# printing from an iPhone



## Albe (Mar 2, 2012)

Anyone have experience setting up a printer to work from your iPhone? I have a networkable color laser and wondered if I could set this up to print from my phone. Do I need a particular "app"??? 

Thanks!


----------



## creeper (Mar 11, 2011)

I've done it with an Android. Cool feature. The instructions are with the printer manual. Its easy if I recall it correctly. If you have "lost" the manual there should be instructions are the printer inself.

You will set up a network and then when you want to use that wireless print feature you will select the network printer whether from your phone or laptop


----------



## djlandkpl (Jan 29, 2013)

For an iPhone/iPad, you need an AirPrint compatible printer or have the printer connected to a PC or server that supports AirPrint. 

http://support.apple.com/kb/ht4356


----------



## DIYchick1 (Mar 14, 2013)

*printing from iphone*

ideally if you want to print from an idevice you should go for an airprint enabled printer as mentioned in the previous posts
some printers do have free printing apps but i don[t know what make your printer is 
another option, especially if you dont have airprint, is to go on the app store and look for printing apps = the one i use is print n share


----------



## AJPLeBlanc (Feb 14, 2013)

Some printers out there (the one I know of is an HP) have the capacity to work with "print via email" So basically they set up an email address and will print any attachment that you send to that email.
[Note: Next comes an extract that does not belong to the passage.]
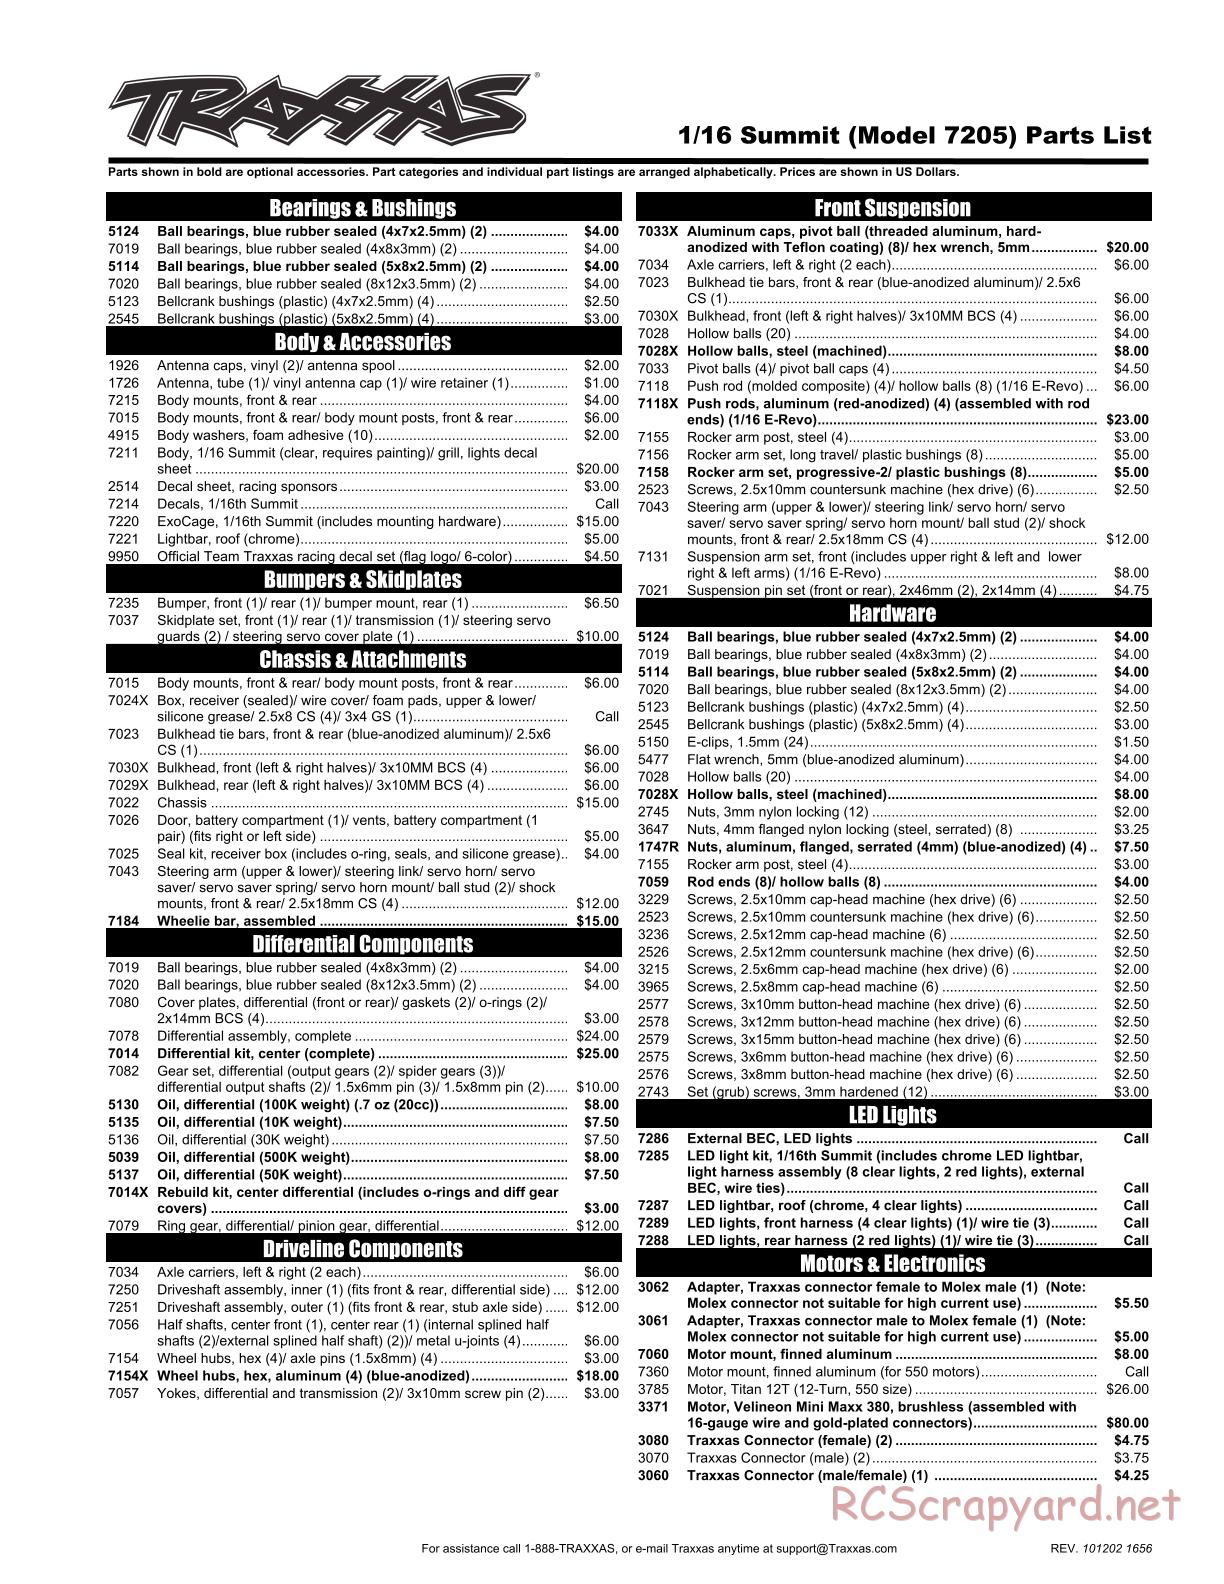 Traxxas - 1/16 Summit (2011) - Parts List - Page 1

Obviously there are some limitations with that, but it might be worth it if you don't want to deal with software workarounds, or buying a whole new printer.


----------



## zolakk (Nov 28, 2012)

I use a program called FingerPrint that runs on my pc and exposes any printer as an AirPrint printer. It works great and the one times had an issue with it they responded quickly with the answer. The only downside is your system needs to be on, but I have a windows home server that's always on so I put it there


----------